If this enhancement will not be used often, can it be worked around with a few lines of script?

No.

Is there a reason why this should be core and not an add-on in the asset library?

This is about improving interoperability with third-party utilities not made with Godot.

wareya commented 2 years ago

Is there also a proposal for manipulating ASTs from game code? I currently need to do very, very evil things to gdscript code on a textual level in my cutscene script loading code, because my cutscene scripts are basically a gdscript-based DSL. If I had a way to manipulate an AST instead of text, even if it was dictly-typed, it would be a lot less fragile. Should I open a discussion for this?

Calinou commented 2 years ago

Is there also a proposal for manipulating ASTs from game code?

No, I consider this to be out of scope for this proposal. You can open a separate proposal/discussion for this, but this proposal is only about emitting an AST from Godot.

vnen commented 1 year ago

My concern with this is that the AST layout may change even between patch versions, there's no guarantee to keep compatibility since sometimes fixing a bug requires meddling with how the parser sees things. If that's not an issue then I guess it's fine to have the feature.

It also does need to have some unambiguous format. For instance, the GDScript parser currently has no node for grouping expressions (i.e. using parenthesis for controlling precedence), it just puts the nodes in a different order to give priorities. So the expression (2 * 2) + 2 has the exact same tree as 2 * 2 + 2. That is, if you plan to restore the typed code from the AST, this will fail (although it is semantically equal).

I'm not particularly against this, but I'm afraid it might be difficult to find some consistent that third-party tools could rely on.

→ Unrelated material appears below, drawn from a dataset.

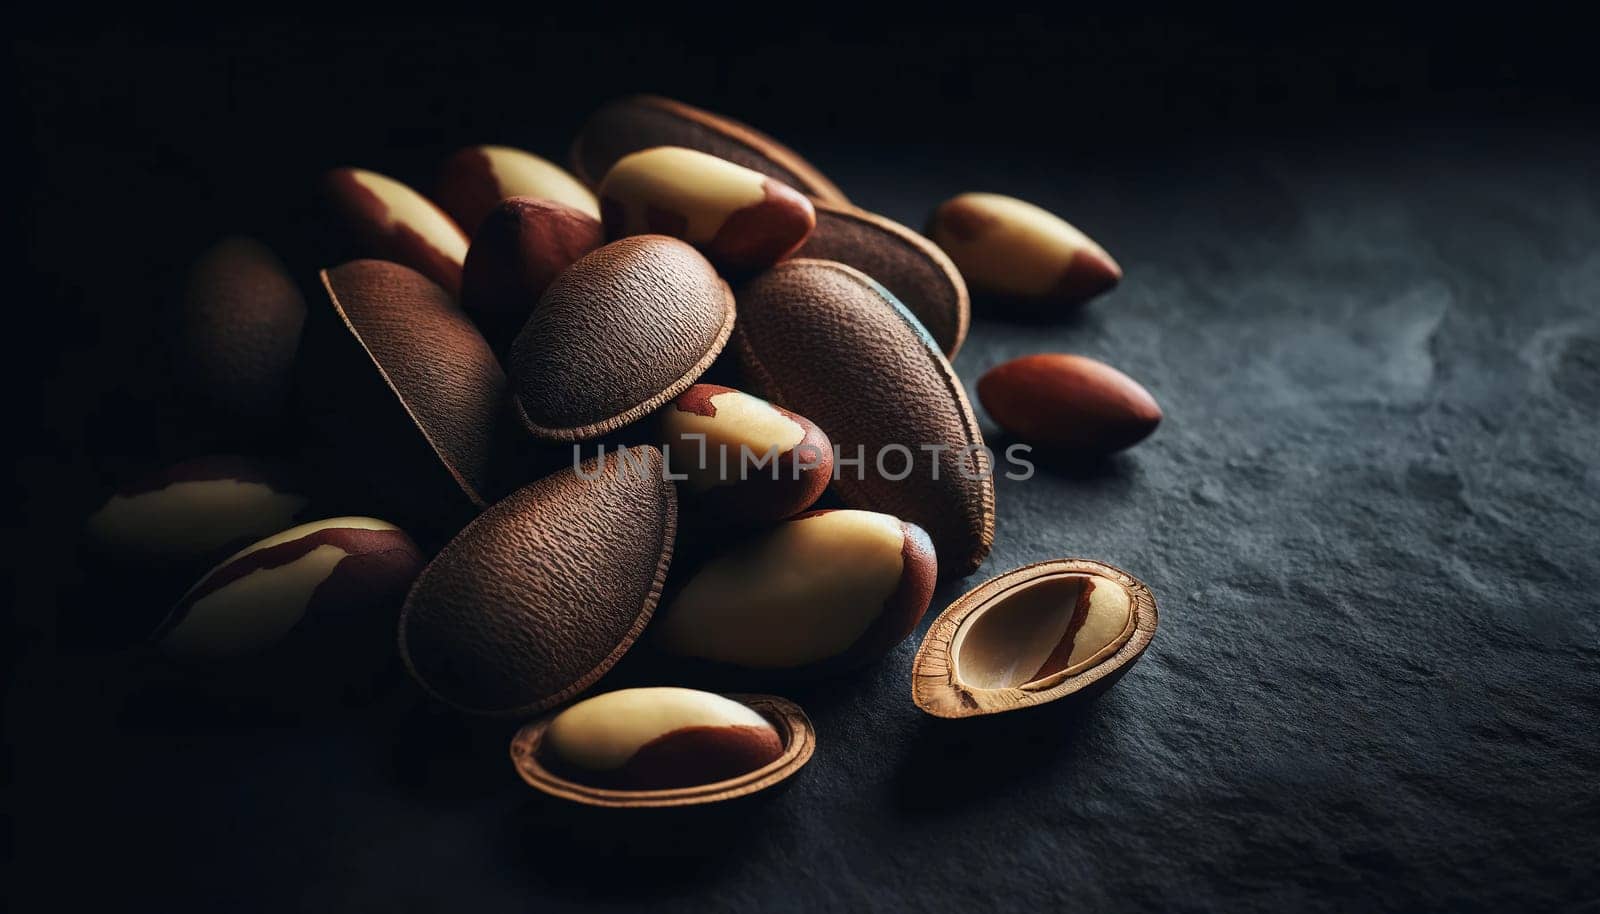 Brazil nut close up on black background by Annado
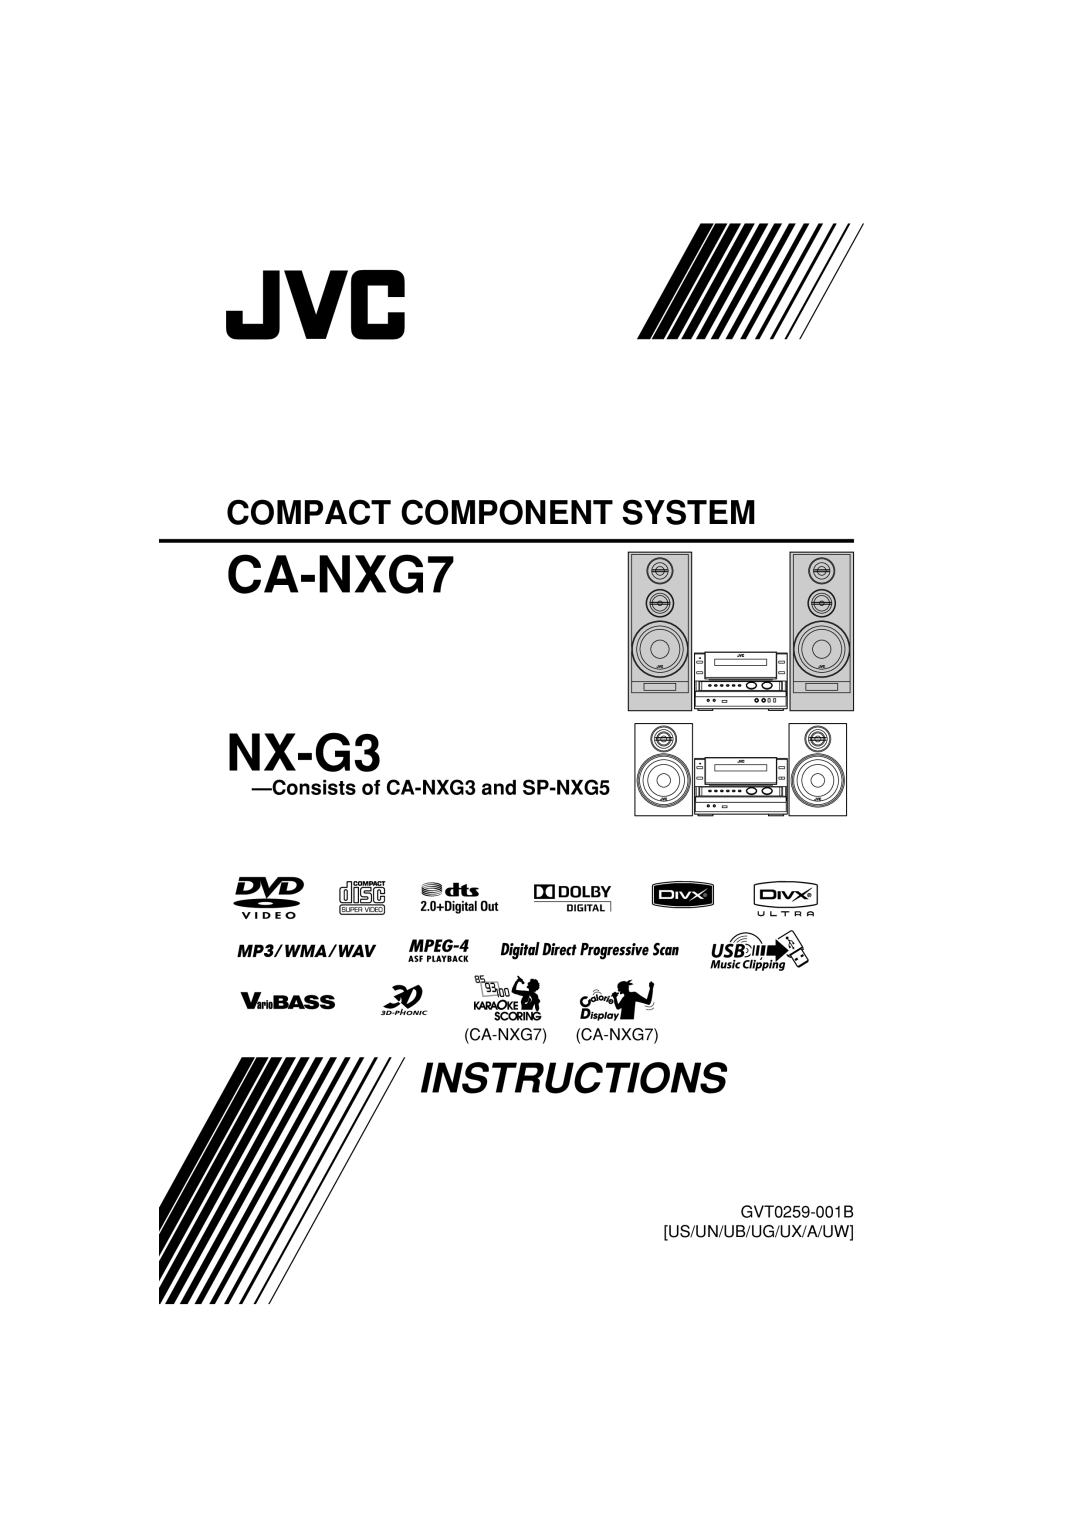 JVC CA-NXG9 manual CA-NXG7 NX-G3, Consistsof CA-NXG3and SP-NXG5, Instructions, Compact Component System

It would be interesting to know what those tools could be.

the-ssd commented 4 months ago

I would rather use a Godot implementation that might change, compared to maintaining my own parser.

The simplest way to deal with grouping is to put parenthesis on everything. So lhs op rhs will become (lhs) op (rhs). This will make the code unreadable, but it is simple.

A harder opinion is to check if lhs or rhs has a higher precedence than current node, and add parenthesis.

the-ssd commented 4 months ago

Also, it would be nice to know if this will be added